Coffee Chat: Love and Marriage



I didn't particularly want to write about love and marriage, but the recurring theme these days is fitting as we watch our family members and friends deal with divorce, new love, marriage, family, and such.  So here we are. We'll see how this one goes.

This year we have already attended the wedding of a friend and in two weeks we will attend another.  In both instances, the new partners had been previously married.  I'd watched them go through the heartbreak of divorce and the long spell of grieving that follows it.  I'd watched as they eventually met new people.  Saw them both go through the process of dating and finally felt comfortable entering into a new relationship only to find it all wrong, saw their disbelief and then joy as they eventually found a new partner who appeared to be all they'd ever dared to dream of having.  

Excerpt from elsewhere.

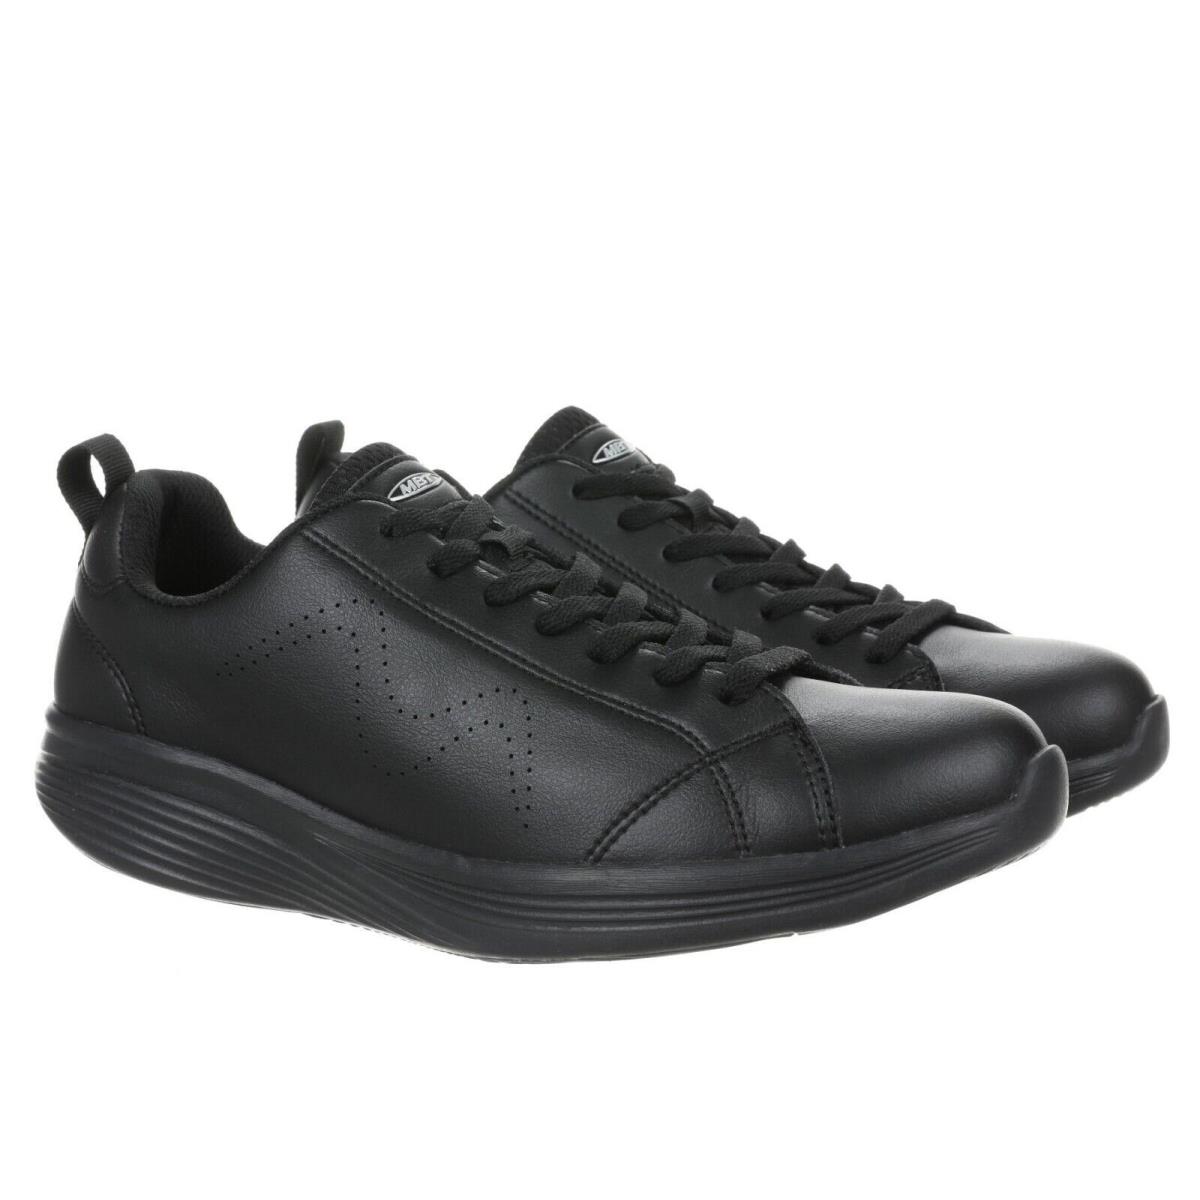 MBT shoes REN - BLACK/BLACK-702758-257L 4

I see them frequently.  I still see that genuine joy on their faces.  I know how they feel.  I never expected to be here myself.   I say this after nearly 32 years of marriage, marveling most days over my great blessing. 

When I was married the first time, I cannot say that I was in love.  I thought I could make the relationship work.   I did not go into it thinking I would fail.  I don't want to go into all the reasons why I married the man I did nor all of my thinking at the time.  I was young, younger than most girls my age emotionally and I'd read a lot of romance novels.  So, I was a typical 19-year-old who knew nothing but thought I knew a lot.  

I managed well enough, if not in making a happy marriage, at least making it tolerable until somewhere along about the eighth year then we went through one of those places that are just damned difficult if you're both pulling the oars in the same direction and which is impossible when you're fighting over what that direction is every time you dip an oar in the water. We somehow stayed married for another five years.  

In those five years, I did my best to improve myself in every way.  You see, I didn't see him as the problem.  I saw myself as the problem. I was the unhappy one.  I was determined to be better in every way.  I went through therapy, gave up a compulsive eating habit, learned that a little make-up and looking neatly put together covered a multitude of physical flaws, went to technical school, earned a degree with a 4.0 average, developed friendships with other women of my age who also had children of the same ages as mine, volunteered in the local school, and filled several positions in a community-based civic organization, including serving as president of the chapter.  Following school, I found a job that paid a decent wage.  One of my husband's complaints had always been that I didn't 'contribute' to the household.  I just knew that getting a job was going to be the answer to making this marriage work...I worked hard and non-stop for five years.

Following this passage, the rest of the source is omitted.